The biggest stars on the semi-pro Panthers were
tall homegrown center Charles Cooper, and Billy Yancey, a two-sport
athlete who also played pro baseball as a shortstop for the New York
Lincoln Giants and the Hilldale Club.
Cooper joined the team in 1926
after attending Central High School and starring in the Southwest Y's
Senior Interscholastic League. As the Panthers' starting center,
Cooper's size (6'-5", 215 lbs.) and rebounding ferocity resulted in the
nickname "Long Boy" and then "Tarzan."
Led by Cooper and Yancey, the
Panthers were the city's Colored Basketball Champions throughout the
1920s.
Cooper left the Panthers in 1929 for a professional basketball contract
with Harlem's all-black Renaissance Big R Five.
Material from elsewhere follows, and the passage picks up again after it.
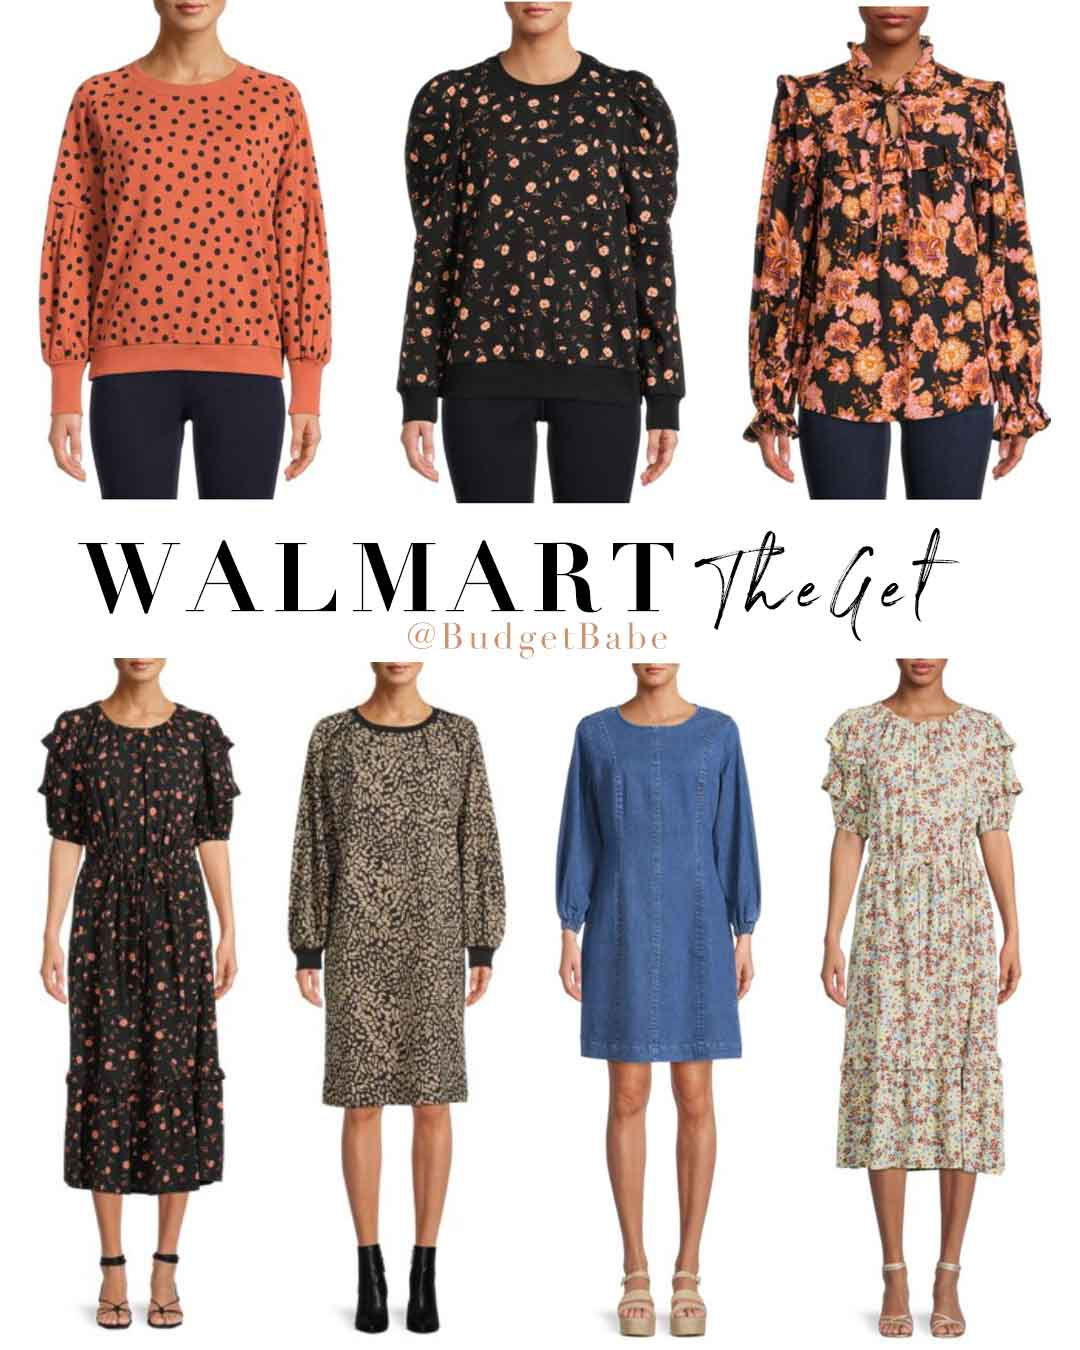 Walmart's new fashion brand TheGet is boho goodness under $40!

Over the span of
eleven seasons, Cooper led the "Rens" to 1,303 victories, including 88
straight wins in 86 days in 1933, and the inaugural World Professional
Basketball Tournament title in 1939. More than any single player, "Tarzan" Cooper made the Rens into a legendary team. Most of his
contemporaries, including Hall of Fame center Joe Lapchik of the
Original Celtics, considered Cooper to be the greatest basketball center
of his time. After leaving the Rens, Cooper played for the all-black
Washington Bears, which he led to another World Pro Championship in
1943 before ending his playing career in 1944. Cooper's 1933 Rens were enshrined in the Basketball Hall of Fame as a collective team in 1963, and
Cooper himself was inducted as an individual player in 1970.